I think it's a good thing. It's the fighter's job to keep the monsters from slaughtering the wizards, and it always has been. The problem is, to accomplish that, the fighter often had to rely on dm charity. The wizard is almost always FAR more dangerous than the fighter. Most of the time it makes more sense to quickly annihilate the wizard rather than gradually beat down his meat shield. The fighter rarely can stop the monster from ignoring him in favor of destroying the wizard. At best, the fighter will be able to get an attack of opportunity in, or if the battleground allows for it(not very common in my experience), physically block the monster's path to the wizard. The game has been moving towards player empowerment rather than relying on dm fiat, so I think we'll be seeing some sort of mechanic where fighters can force monsters to attack them rather than their allies.

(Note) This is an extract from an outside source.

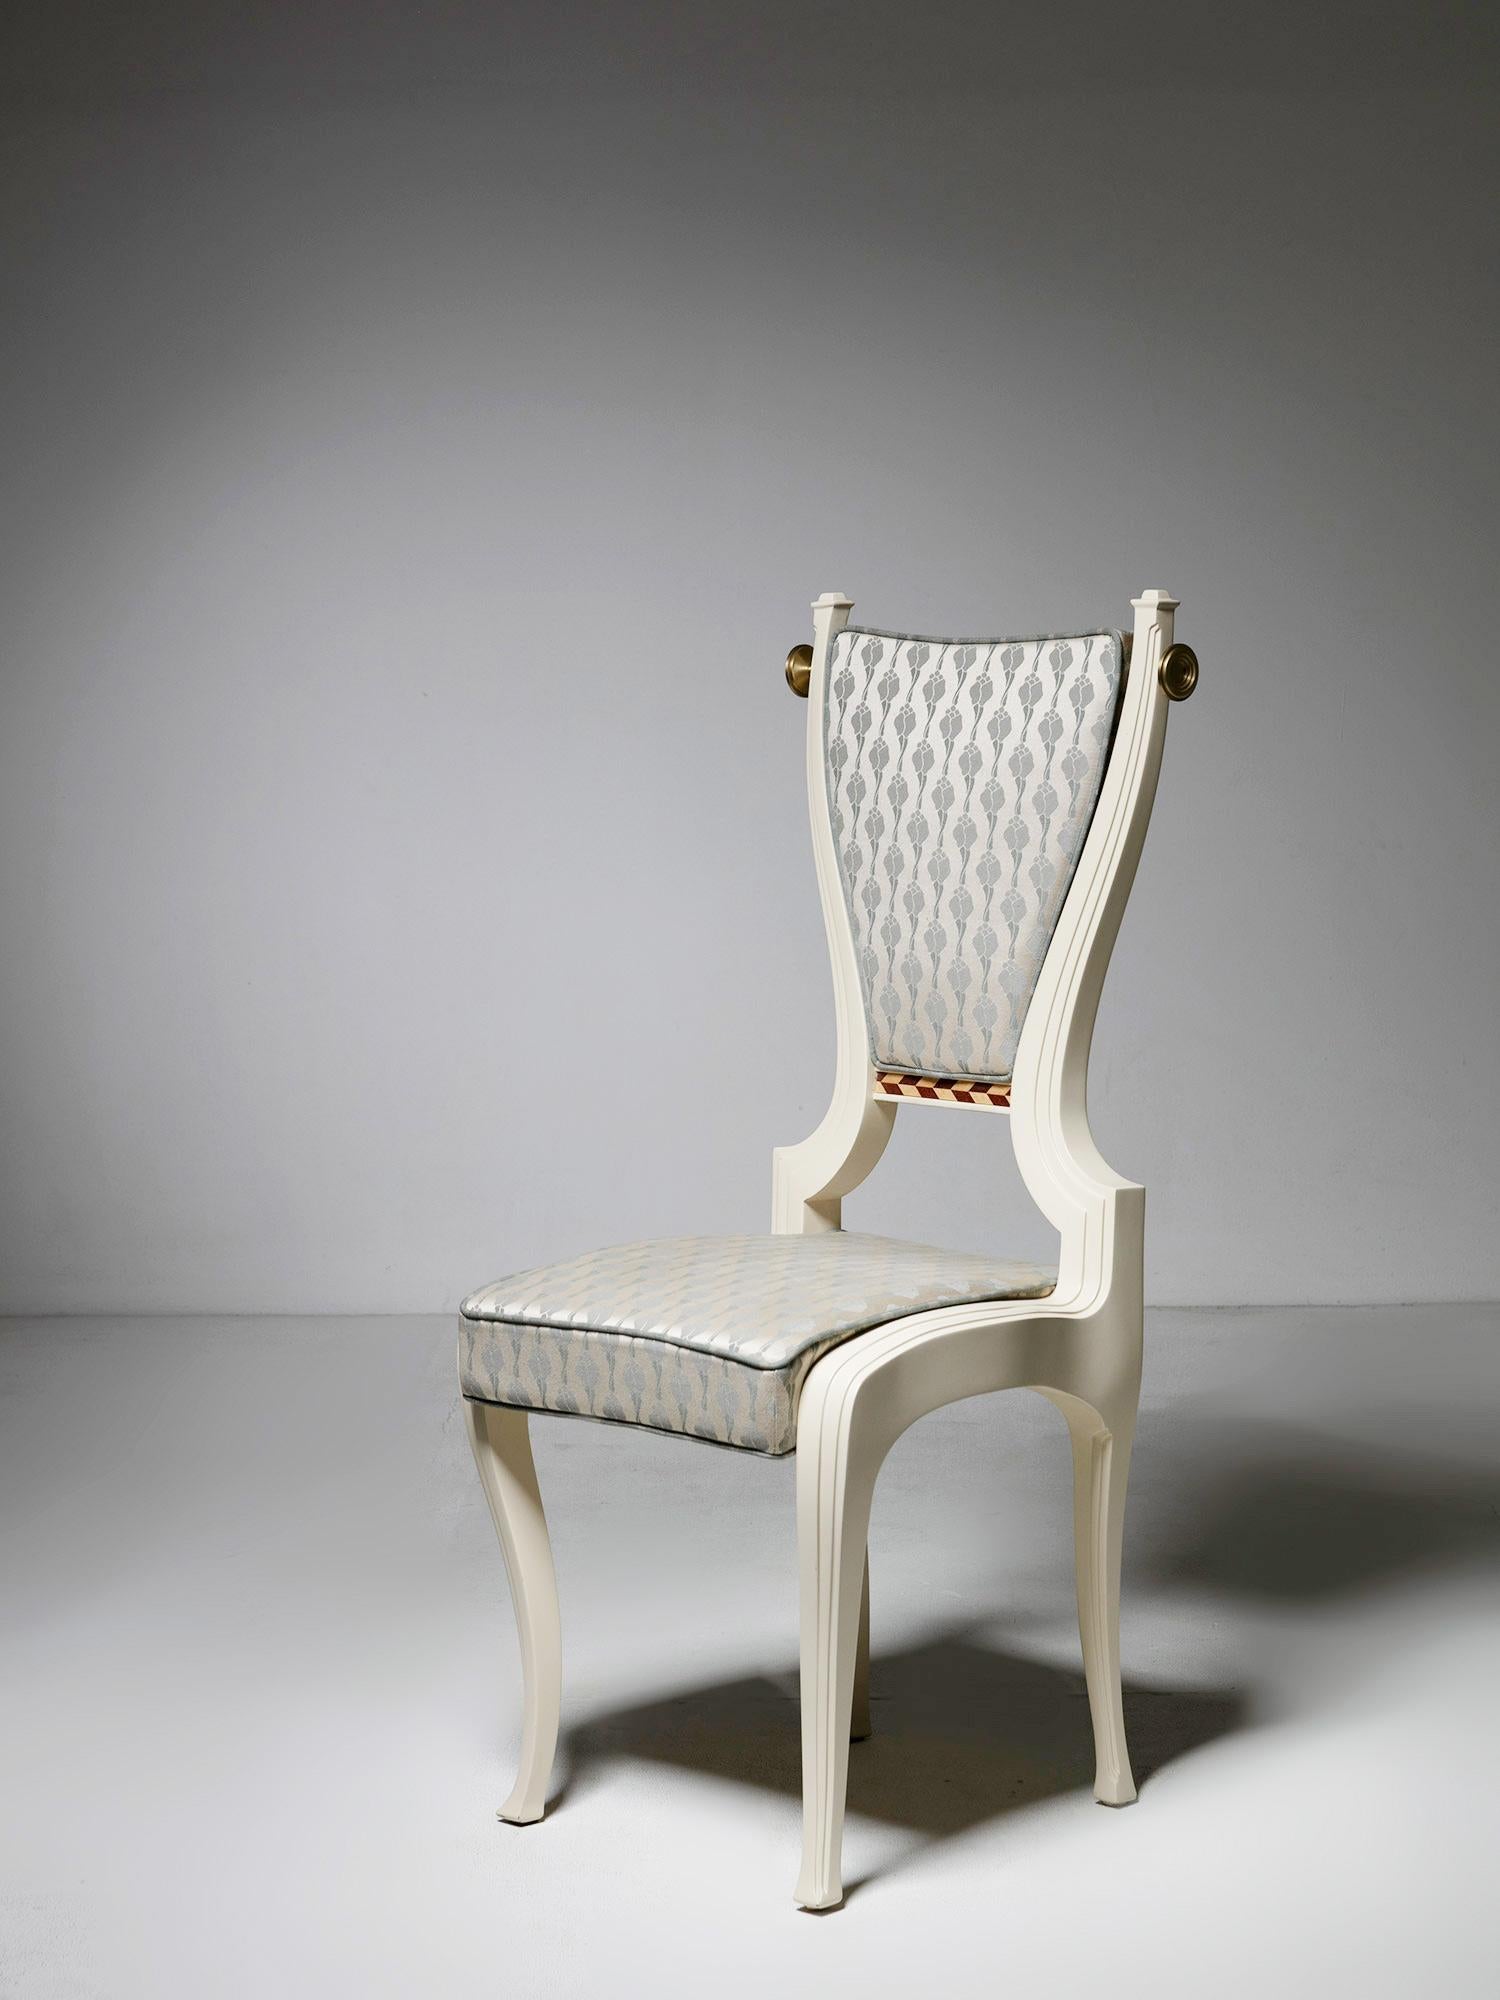 Rare chair designed by Paolo Portoghesi for B&B Italia.
Part of the

I will note though that this is what made spiked chain wielding, trip specialist fighters so good. They could use trip to actually stop monsters from passing them in favor of attacking the wizard. The spiked chain allowed them to cover quite a large chunk of the battlefield with their trips, so they were really quite good protection for the mage. Unfortunately they were a very mechanically complex build, and from what I can tell, alot of DMs tended to hate the build with a passion.
 

KarinsDad

Adventurer
First, I sincerely hope not.

Second, I suspect not. WotC appears to be wanting to simplify the game, not adding rules just for the sake of there being rules for everything.
 

Lonely Tylenol

First Post
Why yes, I do in fact hate aggro rules. I don't like any rules that dictate to the DM (or to the players) how they're going to carry out their combat tactics. Compulsion effects are one thing, telling the DM that his orcs have to attack the knight because he's the tank is something else entirely.

I'd much rather see something like a few of the manoeuvres in Bo9S, which set things up so that the opponent has the option of choosing his target and actions, but if he doesn't choose the target or action that the power-using character dictates (usually the imperative is to attack that character), he suffers consequences. A trade-off, rather than a metagame lever.